De*-B30 was described by Salamini and colleagues (Soave et al., 1979; Soave and Salamini, 1984) as a dominant mutation that maps on the short arm of chromosome 7, where it was linked with several genes encoding 19-kD α-zein proteins. It was noted that the mutation caused a preferential decrease in the synthesis of 22-kD α-zein proteins, and in double mutants, o2 was epistatic to De*-B30 (Marocco et al., 1991). We did not observe a qualitative reduction in 22-kD α-zeins when the mutation was crossed into W64A (Hunter et al., 2002); consequently, this effect of the mutation may be related to its expression in the B37 inbred background where it was originally described. The observation that o2 is epistatic to De*B30 is perhaps a consequence of involvement of the O2 protein in the transcriptional control of some 19-kD α-zein genes. Partial suppression of 19-kD α-zein gene expression in o2 mutant backgrounds has been observed (Hunter et al., 2002; R. Jung, unpublished data). We measured a marked reduction in α-zein synthesis and an increased accumulation of nonzein proteins in De*-B30, which are consistent with the higher Lys content of this mutant (Balconi et al., 1998; Hunter et al., 2002).

Evidence from the experiments described in this study is consistent with the hypothesis that the De*B30 mutation results from a defective signal peptide in the 19-kD15Pα-zein protein that we identified. Protein body morphology in the De*-B30 mutant is abnormal, not unlike fl2, which was shown to result from a defective signal peptide in a 22-kD α-zein protein (Coleman et al., 1997). The observation of a novel α-zein in De*-B30 approximately 2 kD larger than the mature 19-kD α-zeins is consistent with a defective signal peptide, and this hypothesis is reinforced by the fact that De*-B30 is genetically linked with a cluster of 19-kD α-zeins (Soave and Salamini, 1984). The near sequence identity of the gene encoding the 19-kD15P α-zein and that corresponding to the A20 α-zein cDNA identified by GenBank accession number V01476 (Geraghty et al., 1982), which occurs in the z1B-1 19-kD α-zein gene cluster on BAC contig AF546188, which is linked with De*-B30 on the short arm of chromosome 7 (Song et al., 2002), is consistent with these genes being alleles.

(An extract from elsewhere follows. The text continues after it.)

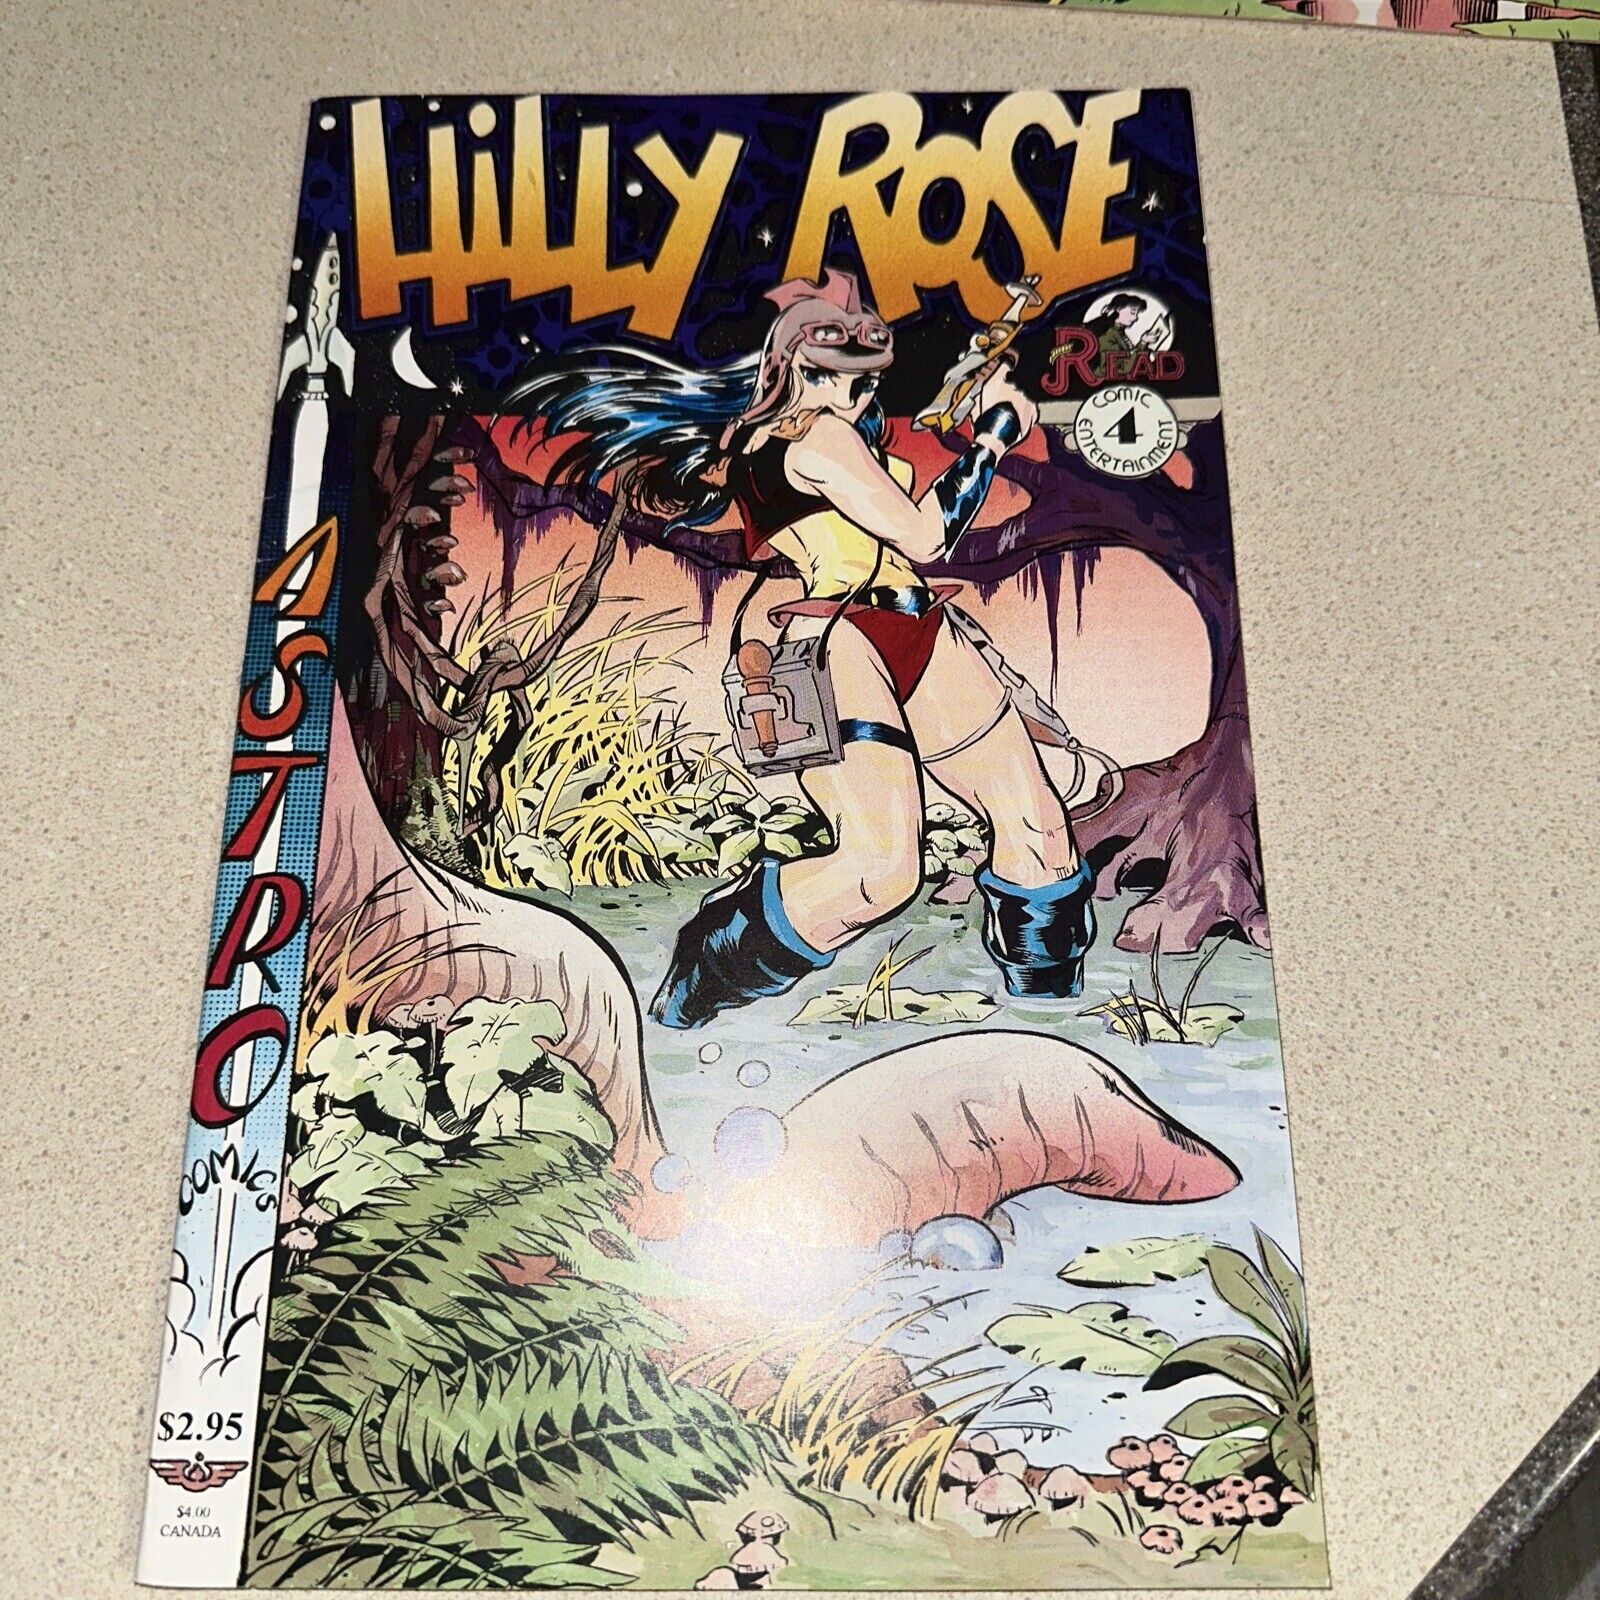 Hilly Rose #4 Astro Comics signed by B.C. Boyer

Based on the well-documented structural features of signal peptides (von Heijne, 1985), substitution of Pro for Ser at the 15th position of the signal peptide is predicted to alter its structure, such that the site of signal peptide cleavage would be altered. The results from our experiments with yeast are consistent with the hypothesis that whereas a Pro substitution for Ser at position 15 does not prevent signal peptide cleavage, it nevertheless affects the efficiency of the process. We can only speculate that signal peptidase cleavage would be similarly or perhaps even more severely affected in maize endosperm cells.

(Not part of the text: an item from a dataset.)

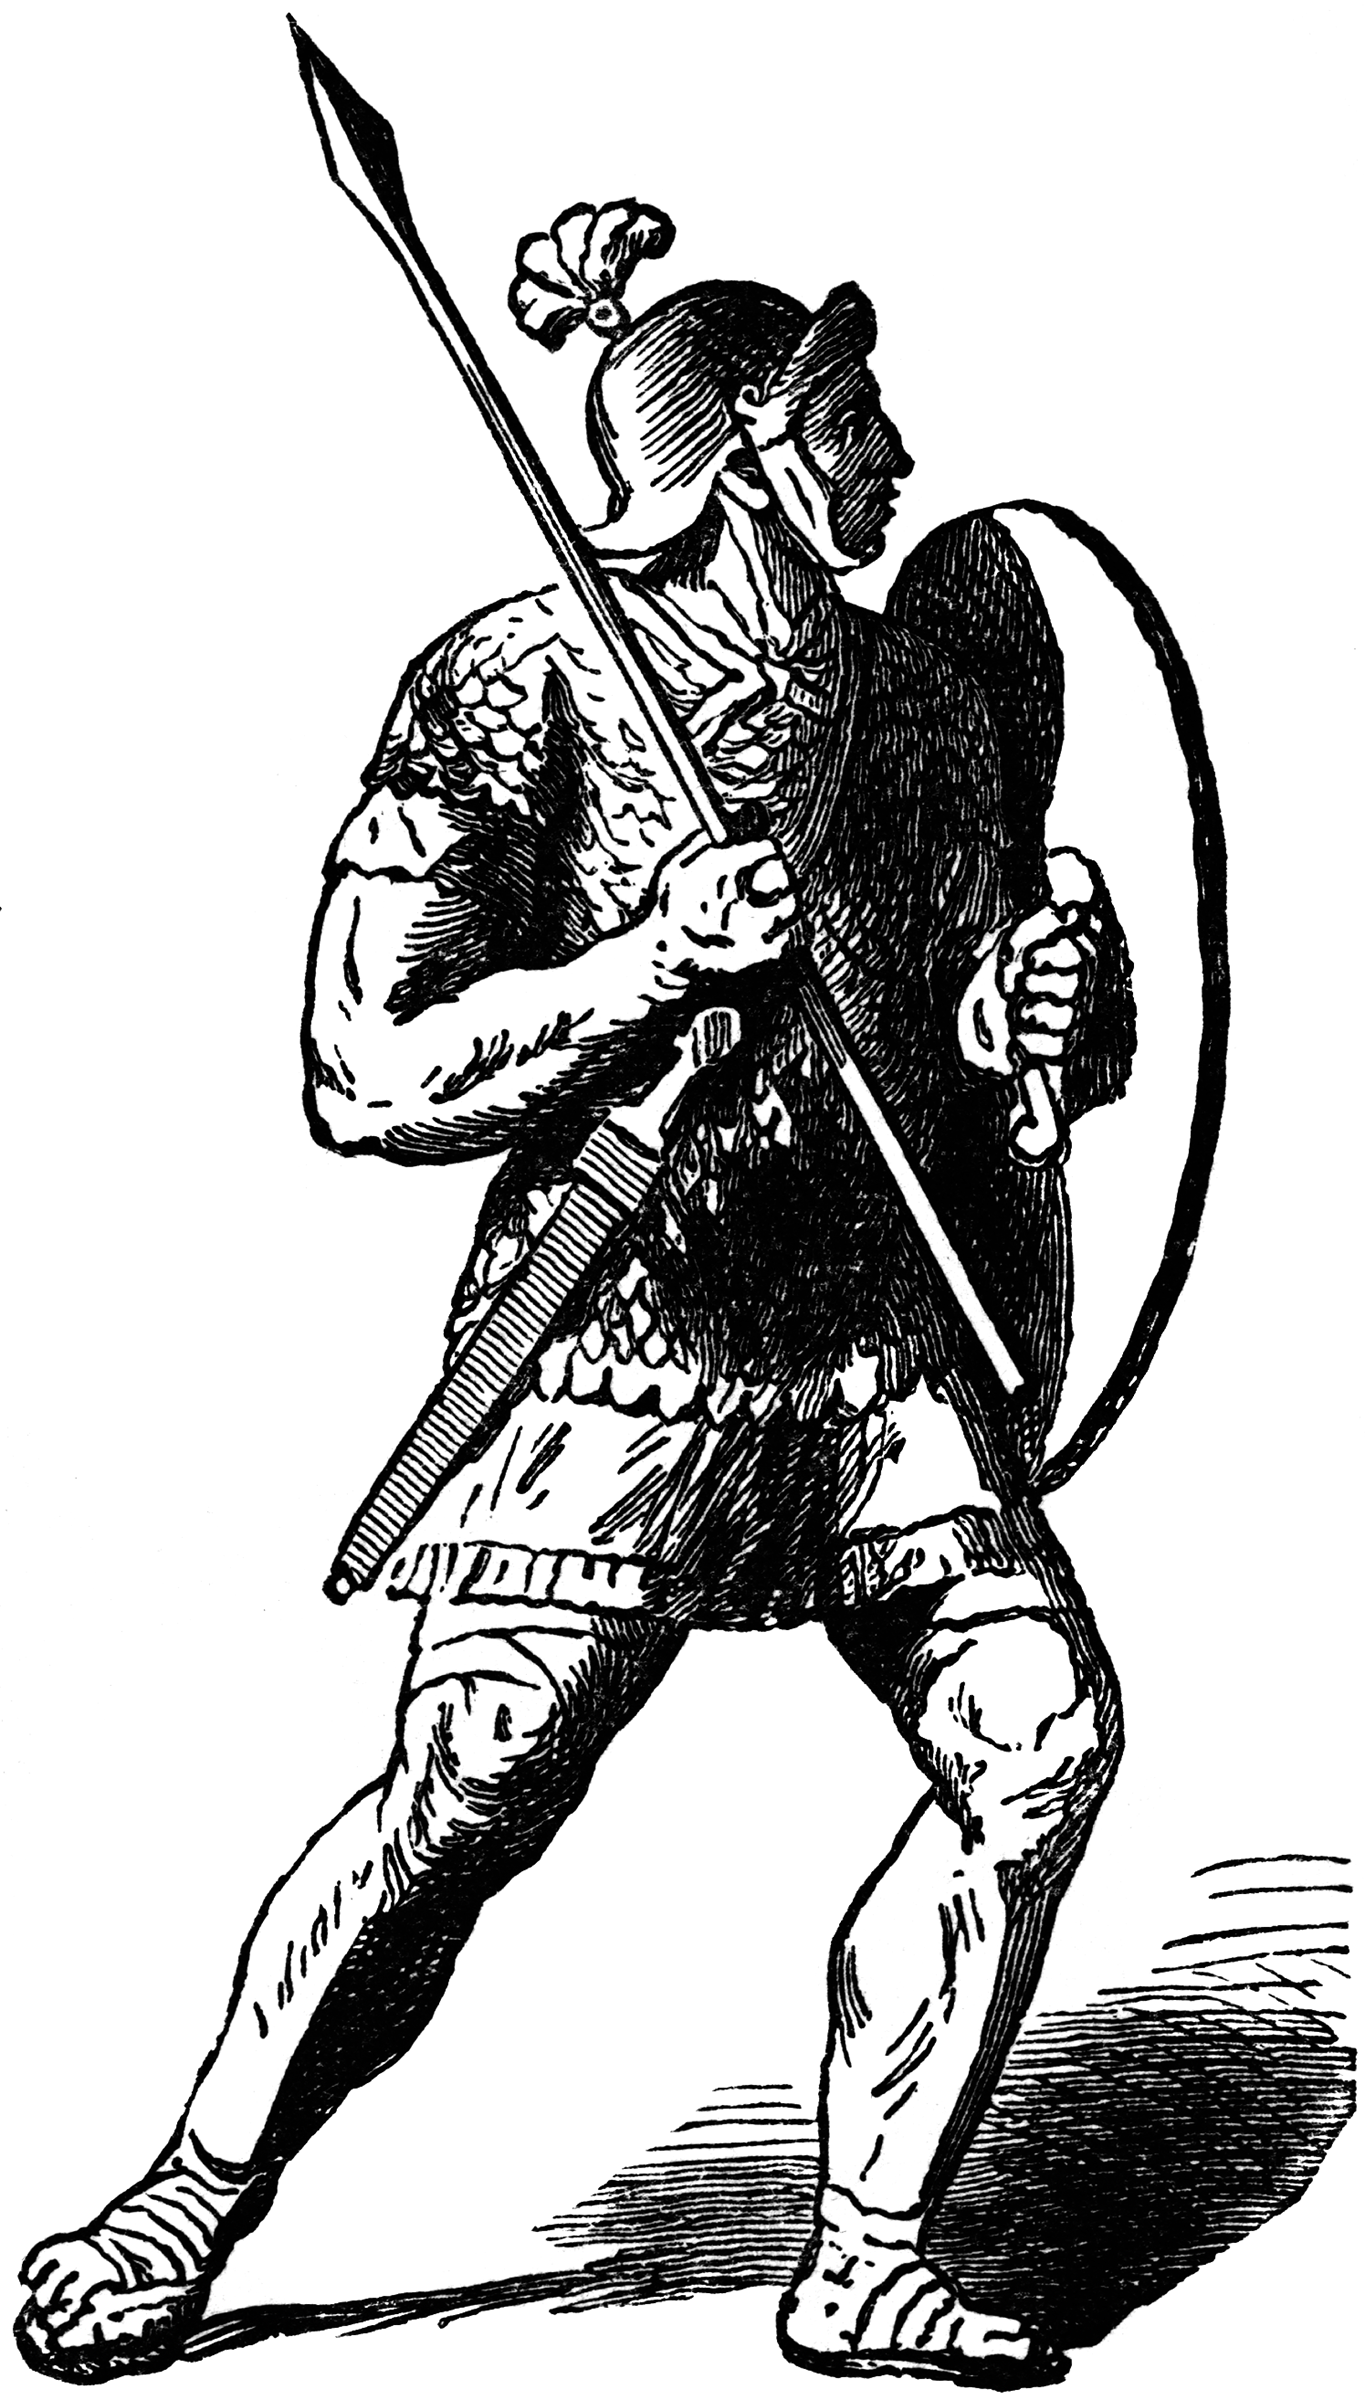 A Roman Soldier, or Legionary, with a Short Javelin and Shield

We obtained strong genetic and molecular evidence that the gene encoding the 19-kD15P α-zein is responsible for the De*-B30 mutation. First, there was absolute genetic linkage between the opaque kernel phenotype of De*-B30 and the allele encoding the 19-kD15P α-zein gene in a large F2 population. Unfortunately, there is only one De*-B30 mutation, therefore we could not compare the sequence of this gene with other alleles of De*-B30. Nevertheless, a BLAST search of public databases (all GenBank+RefSeq Nucleotide+EMBL+DDBJ+DB sequences, including expressed sequence tag, Sequence Tagged Sites, and Genome Survey Sequences sequences, July 23, 2003) and of the proprietary DuPont-Pioneer corn genome and expressed sequence tag database failed to identify any other 19-kD α-zein gene or transcript encoding Pro at the 15th position of the signal peptide.

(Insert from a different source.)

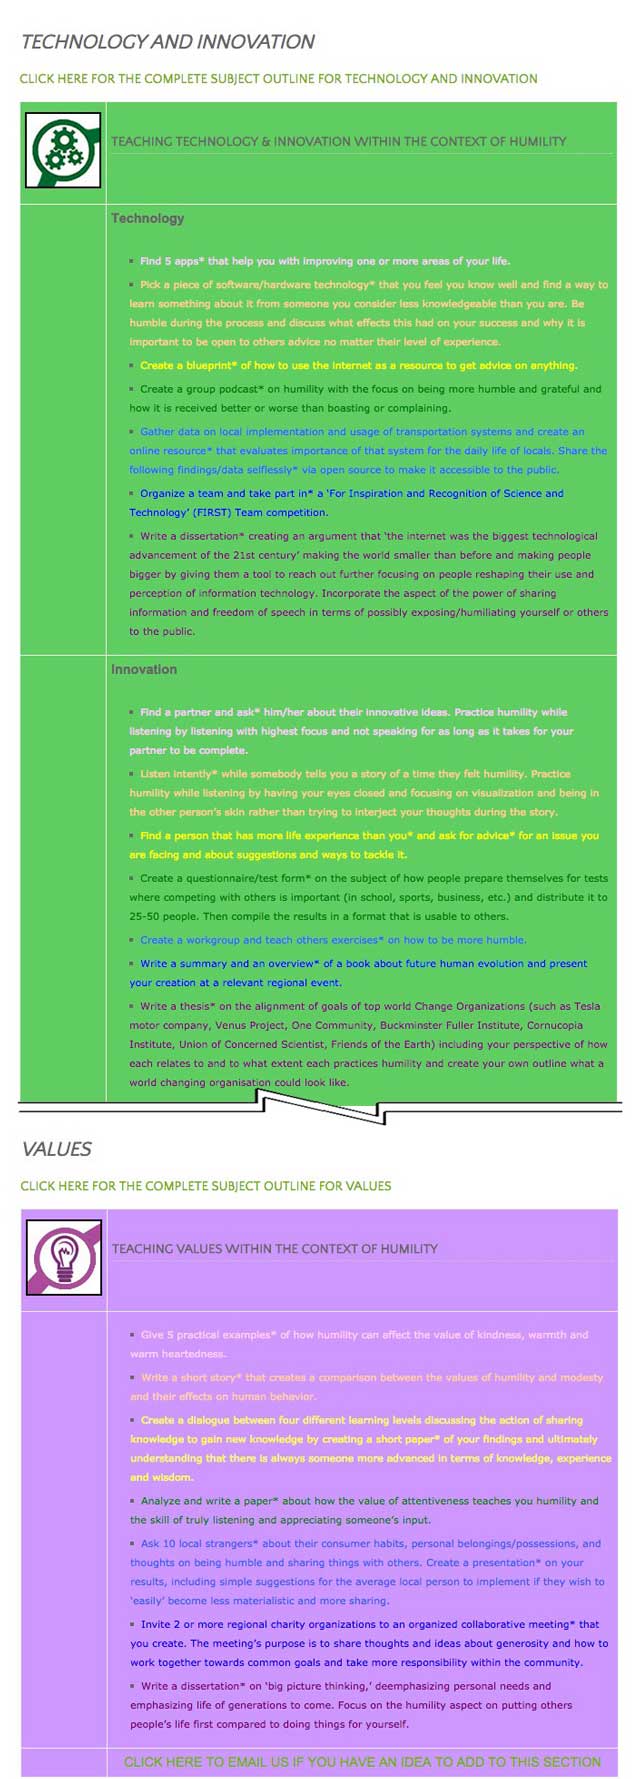 This last week the core team transferred the final 25% of the written content for the Humility Lesson Plan to the website, as you see here. This lesson plan purposed to teach all subjects, to all learning levels, in any learning environment, using the central theme of “Humility” is now 100% completed on our website. ,restoring sustainable balance

Perhaps the best evidence that the gene encoding the 19-kD15P α-zein is responsible for the De*-B30 mutation comes from the phenotype of transgenic kernels expressing this gene. In gz::19kD15P α-zein transgenic events, there was tight linkage between the opaque kernel phenotype and expression of the 19-kD15P α-zein protein. Furthermore, the segregation ratios of vitreous and opaque kernels from these ears were consistent with a primarily dominant form of gene action being responsible for the starchy endosperm phenotype. This phenotype is unlikely to result from the ER-overload response (Pahl and Baeuerle, 1997; Cudna and Dickson, 2003), and opaque kernels are usually not observed due to transgenic overexpression of maize seed proteins encoded by wild-type alleles (R. Jung, unpublished data). Like the fl2 and Mc mutants, transgenic maize kernels expressing the 19-kD15P α-zein gene were associated with an increased synthesis of BiP (Boston et al., 1991; Marocco et al., 1991), which was dramatically increased over wild-type levels. Based on mRNA transcript profiling (Hunter et al., 2002; B.C. Gibbon, unpublished data), we recently found the expression of a number of genes associated with the UPR (Kaufman, 1999) is significantly up-regulated in fl2, Mc, and De*-B30. The induction of BiP synthesis in these mutants is associated with a reduction in zein synthesis and accompanies changes in protein body morphology (Lending and Larkins, 1992; Zhang and Boston, 1992).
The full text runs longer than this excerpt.